Additionally, the new law makes a credit available to those who add qualified solar panels, solar water heating equipment, or a fuel cell power plant to their homes in the United States. In general, a qualified fuel cell power plant converts a fuel into electricity using electrochemical means, has an electricity –only generation efficiency of more than 30 percent and generates at least 0.5 kilowatts of electricity. Taxpayers are allowed one credit equal to 30 percent of the qualified investment in a solar panel up to a maximum credit of $2,000, and another equivalent credit for investing in a solar water heating system. No part of either system can be used to heat a pool or hot tub.
Additionally, taxpayers are also allowed a 30 percent tax credit for the purchase of qualified fuel cell power plants. The credit may not exceed $500 for each .5 kilowatt of capacity.

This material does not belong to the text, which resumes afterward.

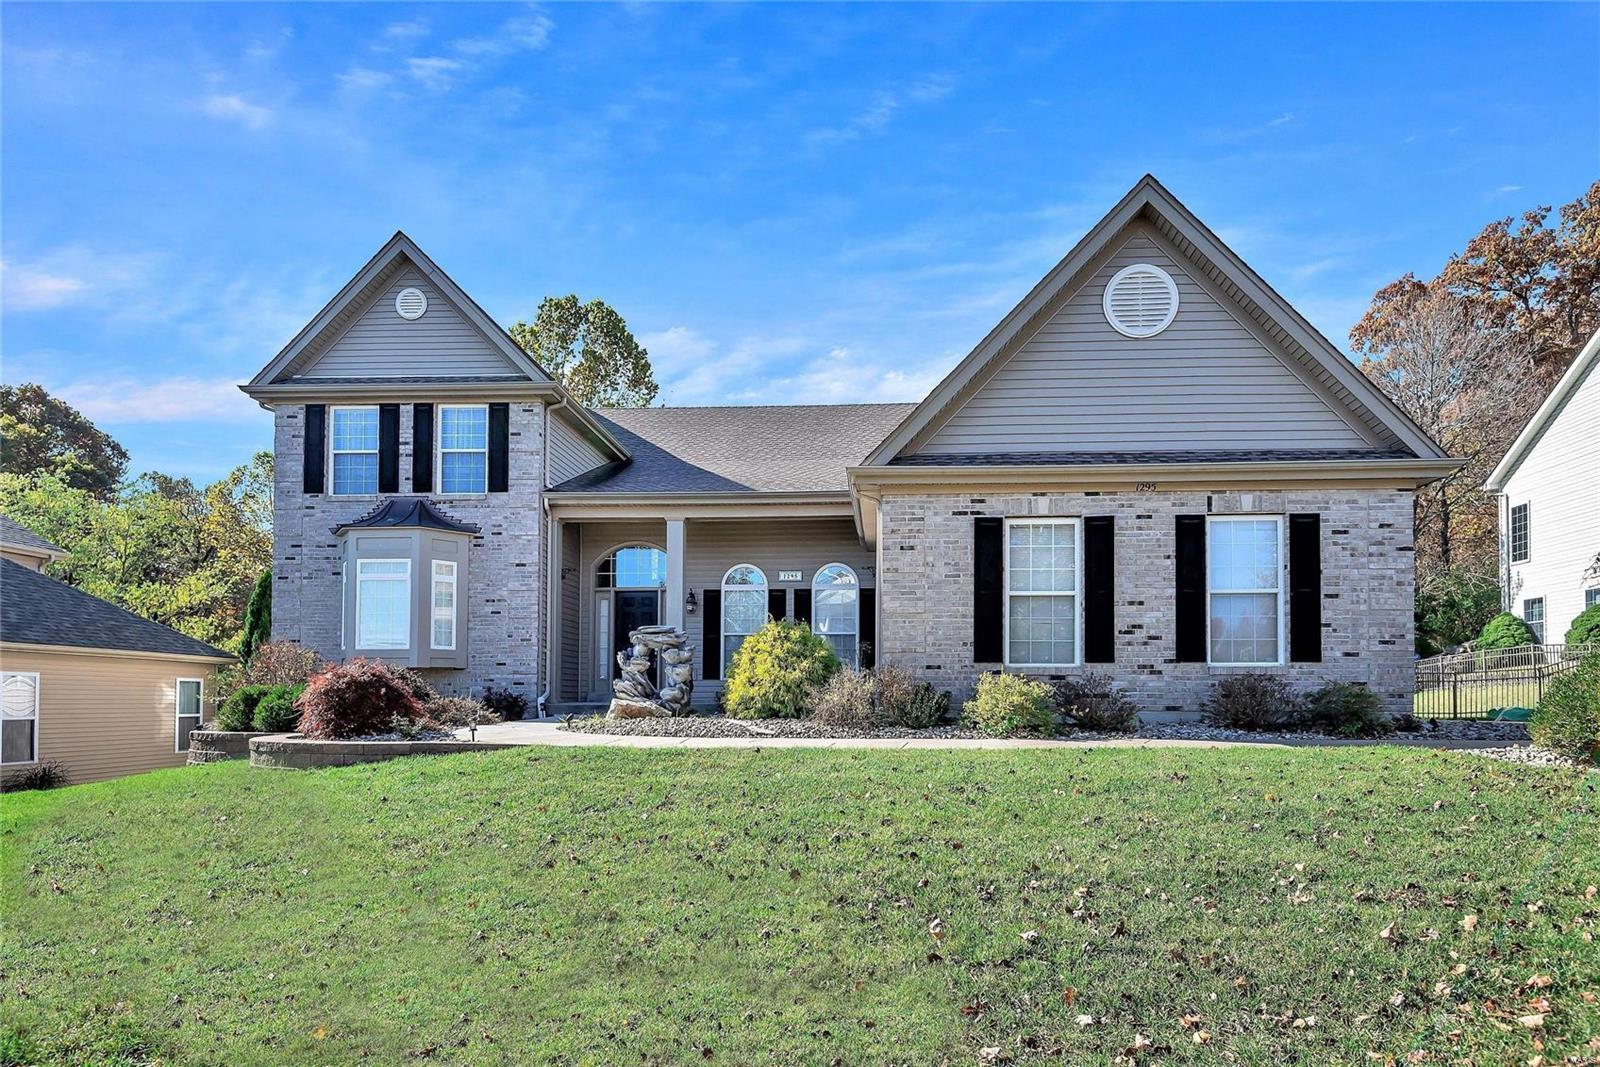 1295 Polo Lake Property Photo - Ellisville, MO real estate listing

These items must be placed in service after Dec. 31, 2005 and before Jan. 1, 2008.
Credit for Taxpayers Who Purchase or Lease Hybrid Vehicles or Other Alternative Motor Vehicles
The tax credit for hybrid vehicles, which was enacted by the Energy Policy Act of 2005, may be as much as $3,400 for those who purchase the most fuel-efficient passenger automobiles and light trucks.

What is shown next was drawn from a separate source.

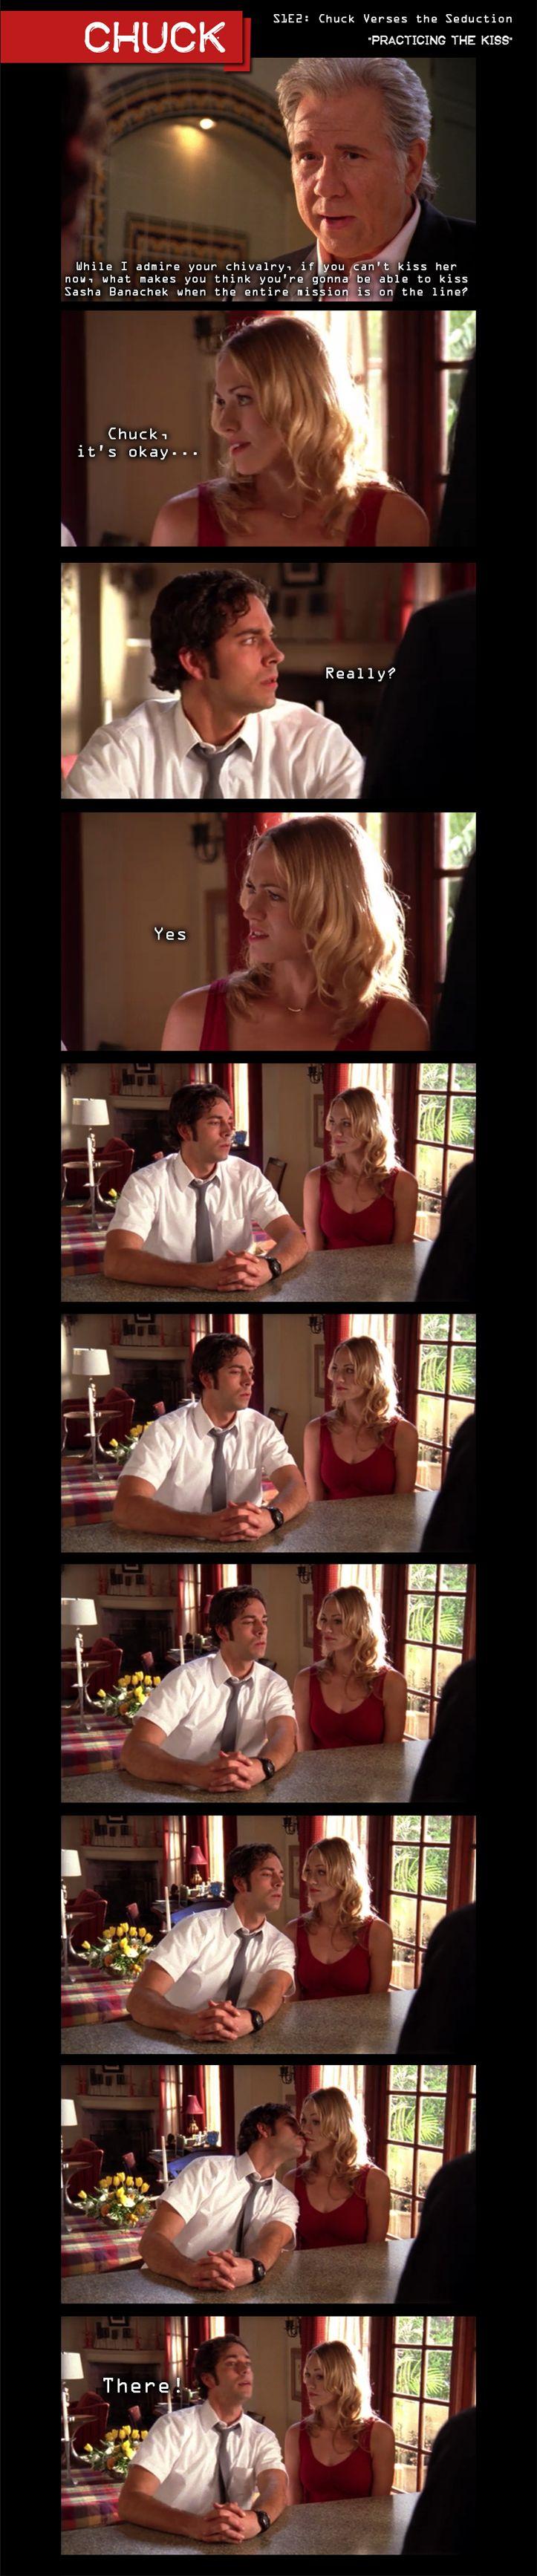 "Chuck: Season 2, Episode 2 ""Chuck Verses the Seduction"". Practicing the kiss...!"

Hybrid vehicles have drive trains powered by both an internal combustion engine and a rechargeable battery. Many currently available hybrid vehicles may qualify for the tax credit.
Since taxpayers may claim the full amount of the allowable credit only up to the end of the first calendar quarter after the quarter in which the manufacturer records its sale of the 60,000th hybrid and/or advanced lean-burn technology motor vehicle, consumers seeking the credit may want to buy early in the year.
The phaseout period for a manufacturer begins with the second calendar quarter after the calendar quarter in which the manufacturer records its 60,000th sale. For the second and third calendar quarters after the quarter in which the 60,000th vehicle is sold, taxpayers may claim 50 percent of the credit. For the fourth and fifth calendar quarters, taxpayers may claim 25 percent of the credit. For quarters after that fifth quarter, taxpayers may not claim the credit.
For example, F Company is a manufacturer of hybrid motor vehicles, but not advanced lean burn technology motor vehicles. F Company sells its 60,000th hybrid car on March 31, 2006.
Ms. Smith buys an F Company hybrid car on June 30, 2006, and claims the full credit.
Ms. Maple buys an F Company hybrid car on Dec. 31, 2006, and claims 50 percent of the credit.
Mr. Grey buys an F Company hybrid car on June 30, 2007, and claims 25 percent of the credit.
Mr. Green buys an F Company hybrid car on July 1, 2007, and is unable to claim the credit, because the credit has phased out for F Company vehicles.
Tax credits are available for purchasing certain other vehicles.
Fuel cell vehicles are propelled by power derived from one or more cells which convert chemical energy directly into electricity by combining oxygen with hydrogen fuel. For passenger automobiles or light trucks, the maximum allowable credit is $12,000 but greater credits are available for heavier vehicles.
Alternative fuel vehicles include those fueled by compressed natural gas, liquefied natural gas, liquefied petroleum gas, hydrogen, and any liquid that is at least 85 percent methanol. The maximum allowable credit for vehicles weighing 8,500 pounds or less is $4,000.
Hybrid heavy trucks: For qualifying hybrid motor vehicles weighing more than 8,500 pounds but not more than 14,000 pounds, the maximum allowable credit is $3,000. For qualifying hybrid motor vehicles weighing more than 14,000 pounds but not more than 26,000 pounds, the maximum allowable credit is $6,000. For qualifying hybrid motor vehicles weighing more than 26,000, the maximum allowable credit is $12,000.